Process tuple contents on the fly

G

Gnarlodious

Say I have a tuple I want to expand assigning to variables:

tup = *func()
var = tup[0]
lst.append(tup[1])

Or could I do it in one line?

var, lst.append() = *func()

So I want to append one variable to a list on the fly, is it possible?

-- Gnarlie
http://gnarlodious.com
 
T

Tim Chase

Say I have a tuple I want to expand assigning to variables:

tup = *func()
var = tup[0]
lst.append(tup[1])

Or could I do it in one line?

var, lst.append() = *func()

So I want to append one variable to a list on the fly, is it
possible?

I stumbled across this atrocity[*], which if you chose to use it,
you'd deserve a kick in the pants:

lst.append("Value I don't care about and will overwrite")
var, lst[-1] = *func()

It's not quite one step, but at least the *assignment* is one step :)

-tkc


[*] my original discovery was

d = {}
for key, d[key] in (("this",18), ("that",17), ("other",38)):
print key
do_something(d)

but the same applies to a plain ol' assignment statement as to an
assignment in a "for" loop.
 
B

Barrett Lewis

d = {}
for key, d[key] in (("this",18), ("that",17), ("other",38)):
print key
do_something(d)

Why not use a dict comprehension?
d = {k:v for k,v in (("this",18), ("that",17), ("other",38))}

I feel this is more straightforward and easier to read. the results are the
same however.
 
P

Peter Otten

Tim said:
Say I have a tuple I want to expand assigning to variables:

tup = *func()
var = tup[0]
lst.append(tup[1])

Or could I do it in one line?

var, lst.append() = *func()

So I want to append one variable to a list on the fly, is it
possible?

I stumbled across this atrocity[*], which if you chose to use it,
you'd deserve a kick in the pants:

lst.append("Value I don't care about and will overwrite")
var, lst[-1] = *func()

It's not quite one step, but at least the *assignment* is one step :)

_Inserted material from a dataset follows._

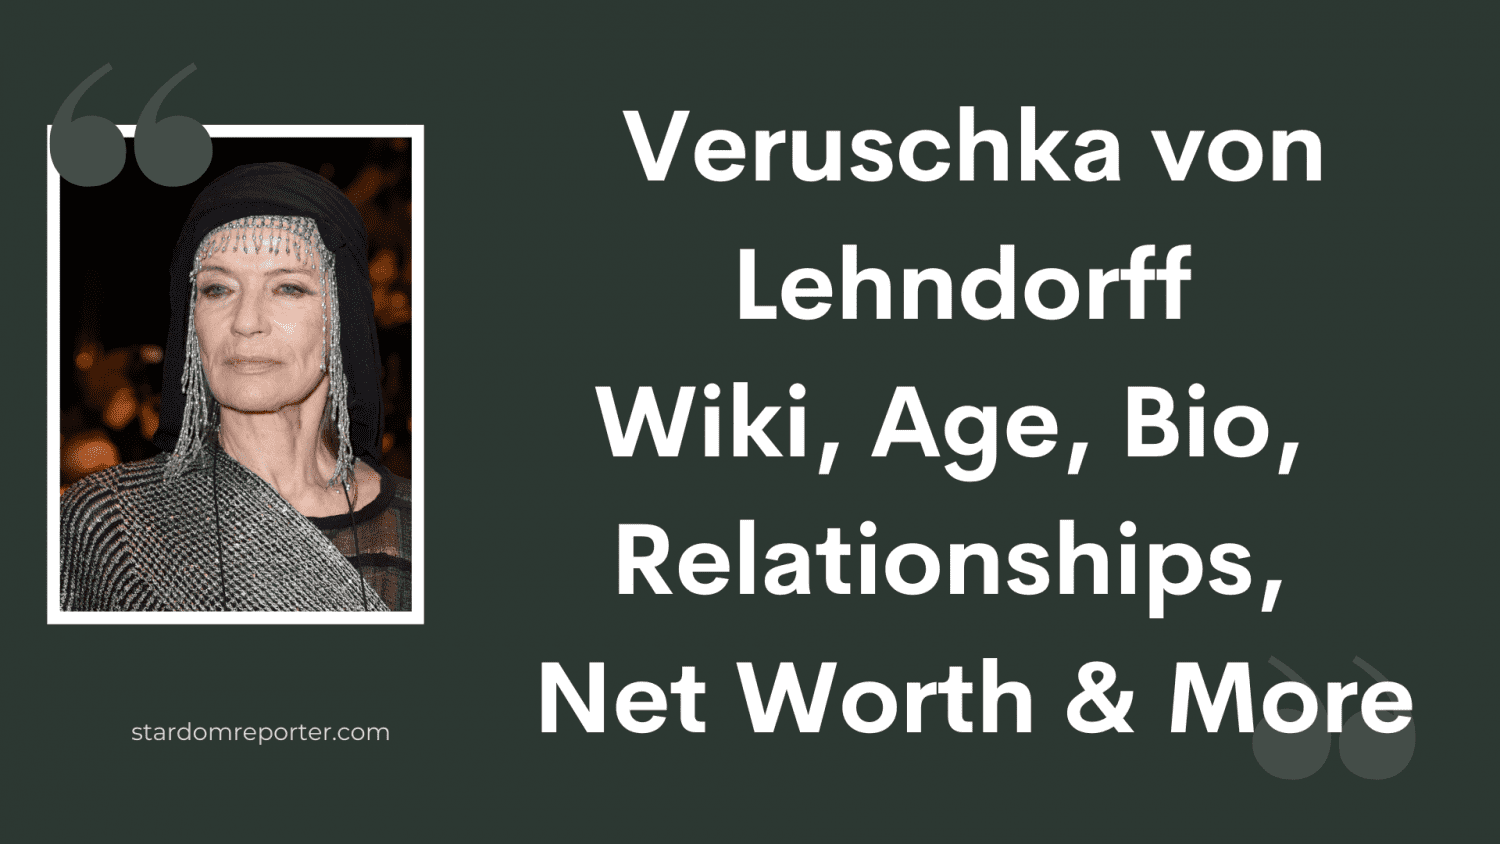 Veruschka von Lehndorff Wiki, Age, Bio, Relationships, Net Worth & More - 9

I think the star is on the wrong side.


So:
items = ["a", "b", "c"]
def f(result=(4, 5, 6)): return result ....
var, *items[len(items):] = f()
var 4
items
['a', 'b', 'c', 5, 6]
 
T

Tim Chase

d = {}
for key, d[key] in (("this",18), ("that",17), ("other",38)):
print key
do_something(d)

Why not use a dict comprehension?
d = {k:v for k,v in (("this",18), ("that",17), ("other",38))}

I feel this is more straightforward and easier to read. the results
are the same however.

In the particular case I did it in, I needed the incremental results
passed to a function, not just the final result. I don't think this
made it into the final code, rather it was expanded to be more
readable. But the discovery made me feel a disturbance in the
Pythonic force of the universe. :*)

-tkc
 
M

MRAB

d = {}
for key, d[key] in (("this",18), ("that",17), ("other",38)):
print key
do_something(d)


Why not use a dict comprehension?
d = {k:v for k,v in (("this",18), ("that",17), ("other",38))}

I feel this is more straightforward and easier to read. the results are
the same however.
Why use a dict comprehension? :)

d = dict((("this",18), ("that",17), ("other",38))}
 
T

Tobiah

Say I have a tuple I want to expand assigning to variables:

tup = *func()

What is the asterisk for? I assume it's a python 3
thing, because I get a syntax error, but I'm having
trouble Googling it.

Thanks,

Tobiah
 
M

Michael Torrie

What is the asterisk for? I assume it's a python 3
thing, because I get a syntax error, but I'm having
trouble Googling it.

No it's not. It's a tuple unpack operator. It's commonly used in this
context:

def func1(*args, **kwargs): #func1 can take variable args
# do stuff
func2( *args ) #unpack the variable args and pass them to func2
func3( *args )
func4( *args, **kwargs)

def func2( a, b, c):
d = a + b + c

def func3 ( *args ):
pass

def func4 ( *args, **kwargs):
pass

func1(1,2,3)
 
G

Gnarlodious

What is the asterisk for? I assume it's a python 3
Not Python 3, pseudocode. I should have said as such, sorry. Supposed to indicate an expanded tuple.